The practical effect is that the model produces genuinely uncertain predictions when text is ambiguous. Mixed documents, heavily edited AI text, or human text that happens to be stylistically flat — these get moderate confidence instead of false certainty. A detector that's confidently wrong is worse than no detector at all.

The stack

  • API: FastAPI with rate limiting (10 req/min), daily usage caps for free users, JWT auth, and subscription gating via Clerk + Stripe
  • Models: DeBERTa V3-Small for classification, GPT-2 for perplexity features — both run on CPU, no GPU required
  • Inference: Sliding window chunking with tokenizer offset mapping for character-level alignment
  • Frontend: Next.js with interactive result rendering — donut charts, color-coded text highlights, confidence badges
  • Infrastructure: Cloud Run (containerized), lazy model loading on first request

What this doesn't solve

Attention-based attribution is indicative, not causal. The importance scores show where the model looked, not necessarily why. Two different reasoning paths could produce the same attention pattern.

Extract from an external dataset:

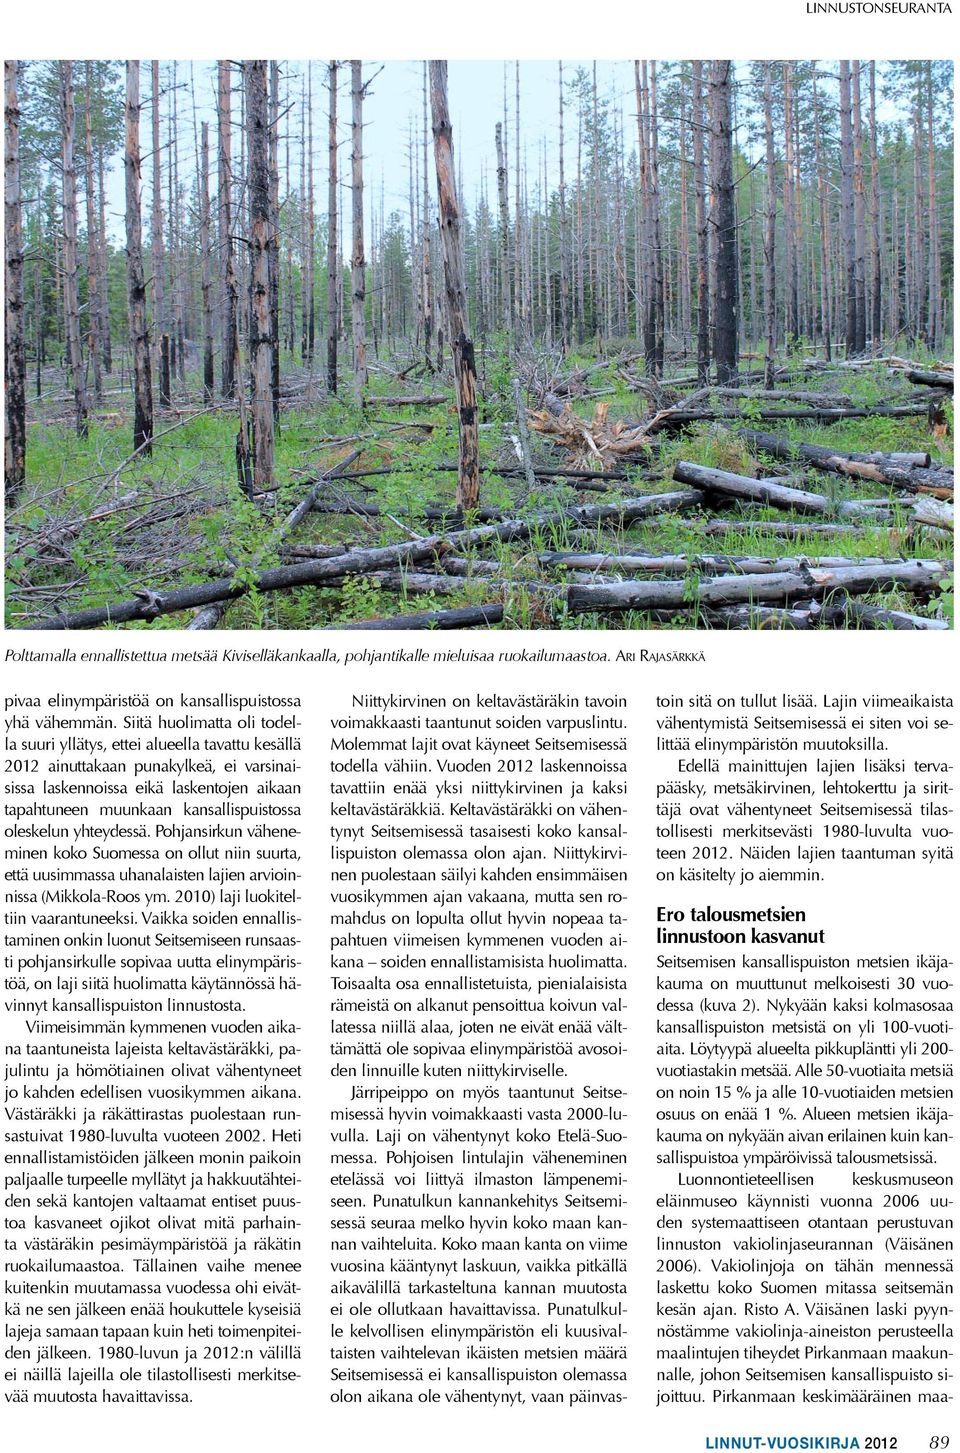 oleskelun yhteydessä. Pohjansirkun väheneminen koko Suomessa on ollut niin suurta, että uusimmassa uhanalaisten lajien arvioinnissa (Mikkola-Roos ym. 2010) laji luokiteltiin vaarantuneeksi.

The three-class framing (AI/Human/Mixed) is better than binary, but it's still a simplification. In reality there's a spectrum — from "AI wrote every word" to "AI suggested a synonym the human accepted." The model doesn't capture that granularity.

And like all detectors, this is in an arms race. As language models improve and their output becomes more stylistically diverse, the statistical signatures the detector relies on get narrower. The edge comes from patterns that are perceptually invisible but statistically real — subtle distributional signatures in token frequency, sentence structure, and lexical choice.